Schema for prov:Entity

	

prov:Activity

In the Schema for prov:Activity, an activity MUST contain an identifier (property @id) and a property @type with value Activity. It MAY contain a start time (property startTime, see PROV-DM startTime), an end time (property endTime, see PROV-DM endTime), further type information (property type, see PROV-DM prov:type), a location (property location, see PROV-DM prov:location), a label (property label, see PROV-DM prov:label), or other properties with an explicit prefix (see PROV-DM activity attributes).

Schema for prov:Activity

	

prov:Agent

In the Schema for prov:Agent, an agent MUST contain an identifier (property @id) and a property @type with value Agent. It MAY contain further type information (property type, see PROV-DM prov:type), a location (property location, see PROV-DM prov:location), a label (property label, see PROV-DM prov:label), or other properties with an explicit prefix (see PROV-DM agent attributes).

Schema for prov:Agent

	

prov:Derivation

In the Schema for prov:Derivation, a derivation MUST contain a property @type with value Derivation. It SHOULD contain a generated entity (property generatedEntity, see PROV-DM generatedEntity) and used entity (property usedEntity, see PROV-DM usedEntity). It MAY contain an identifier (property @id), an activity (property activity, see PROV-DM activity), a generation (property generation, see PROV-DM generation), a usage (property usage, see PROV-DM usage), further type information (property type, see PROV-DM prov:type), a label (property label), or other properties with an explicit prefix (see PROV-DM derivation attributes).

Schema for prov:Derivation

	

prov:Attribution

In the Schema for prov:Attribution, attribution MUST contain a property @type with value Attribution. It SHOULD contain the entity that is the subject of the attribution (property entity, see PROV-DM entity) and the associated agent (property agent, see PROV-DM agent). It MAY contain an identifier (property @id), further type information (property type, see PROV-DM prov:type), a label (property label, see PROV-DM prov:label), or other properties witn an explicit prefix (see PROV-DM attribution attributes).

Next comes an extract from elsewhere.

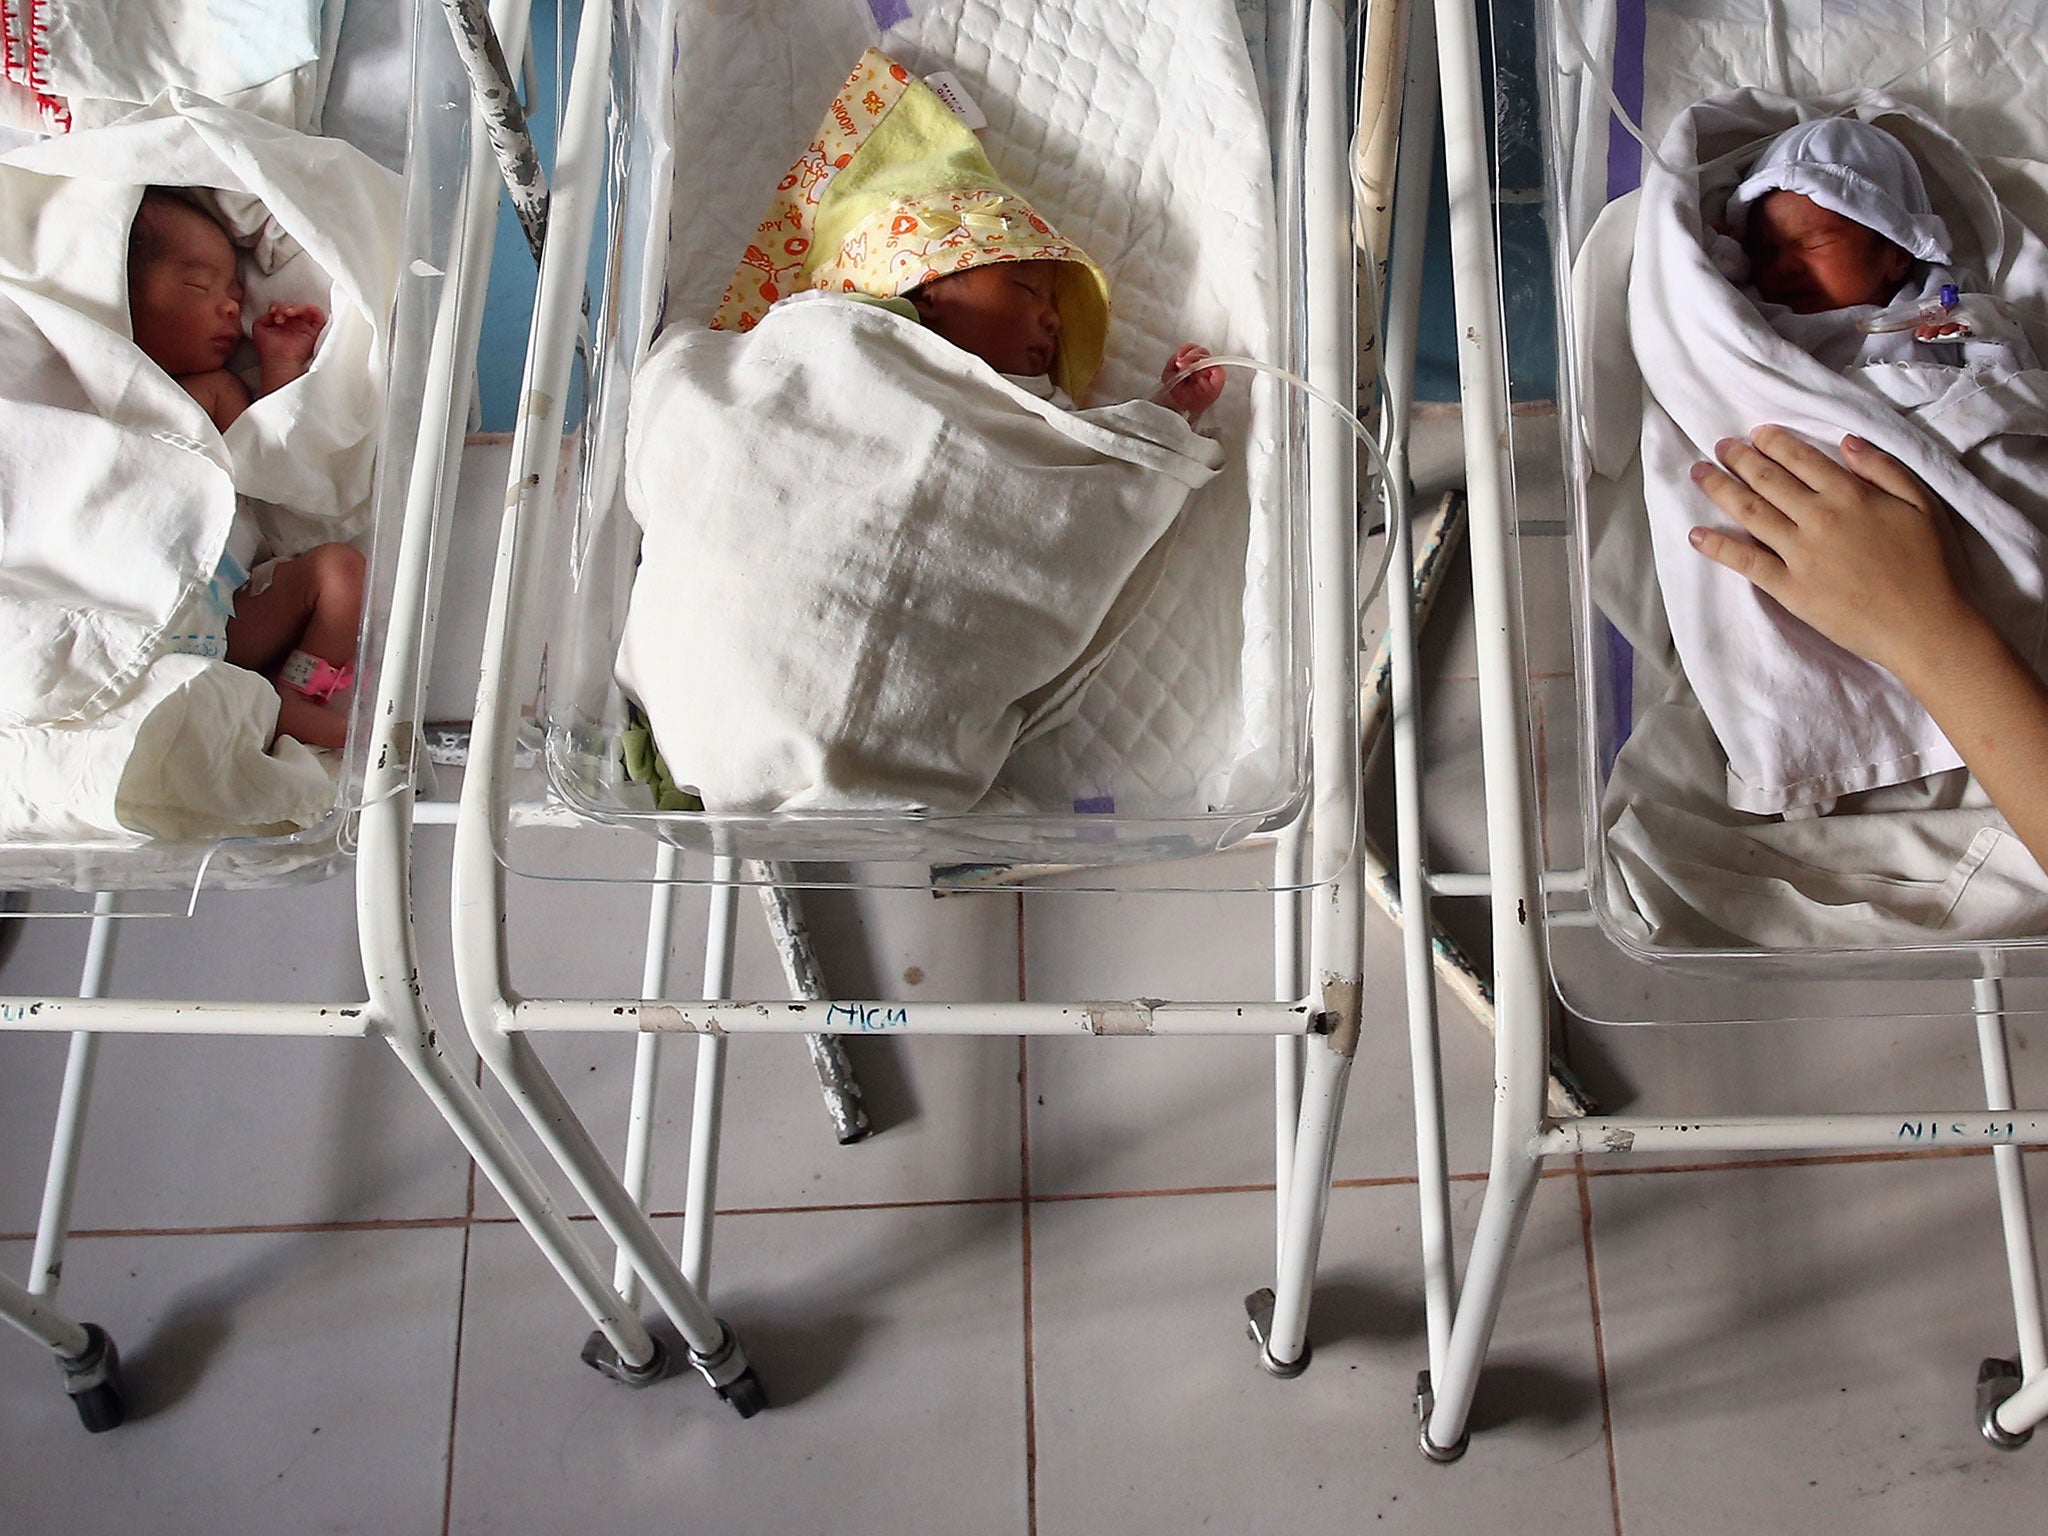 Britain faces a baby bust as the pandemic puts parents off having children

Schema for prov:Attribution

	

prov:Association

In the Schema for prov:Association, an association MUST contain a property @type with value Association. It SHOULD contain an activity (property activity, see PROV-DM activity) and its associated agent (property agent, see PROV-DM agent). It MAY contain an identifier (property @id), a plan (property plan, see PROV-DM plan), a location (property location, see PROV-DM prov:location), a role (property role, see PROV-DM prov:role), further type information (property type, see PROV-DM prov:type), a label (property label, see PROV-DM prov:label), or other properties with an explicit prefix (see PROV-DM association attributes).

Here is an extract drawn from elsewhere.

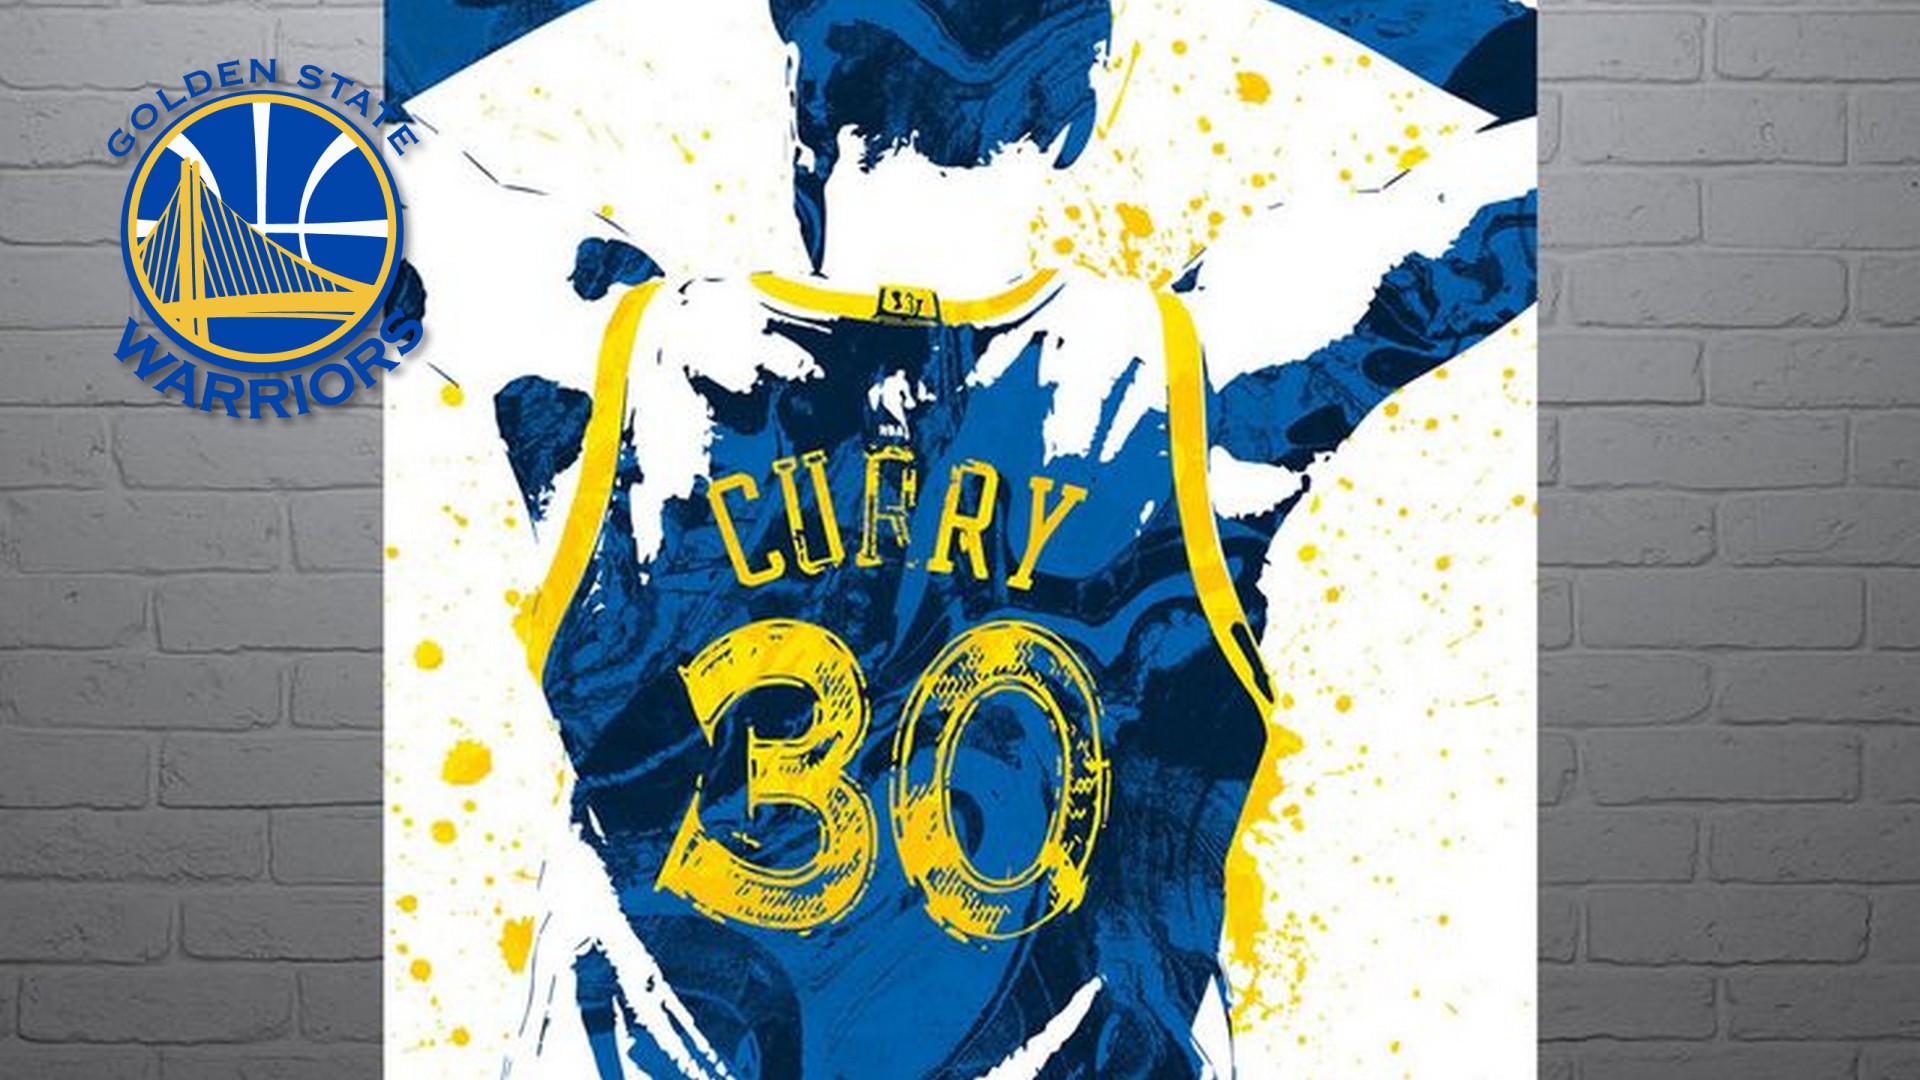 stephen curry wallpaper,blue,product,yellow,t shirt,jersey

Schema for prov:Association

	

prov:Delegation

In the Schema for prov:Delegation, a delegation MUST contain a property @type with value Delegation. It SHOULD contain a delegate agent (property delegate, see PROV-DM delegate) and a responsible agent (property responsible, see PROV-DM responsible). It MAY contain an identifier (property @id), an activity (property activity, see PROV-DM activity), further type information (property type, see PROV-DM prov:type), a label (property label, see PROV-DM prov:label), or other properties with an explicit prefix (see PROV-DM delegation attributes).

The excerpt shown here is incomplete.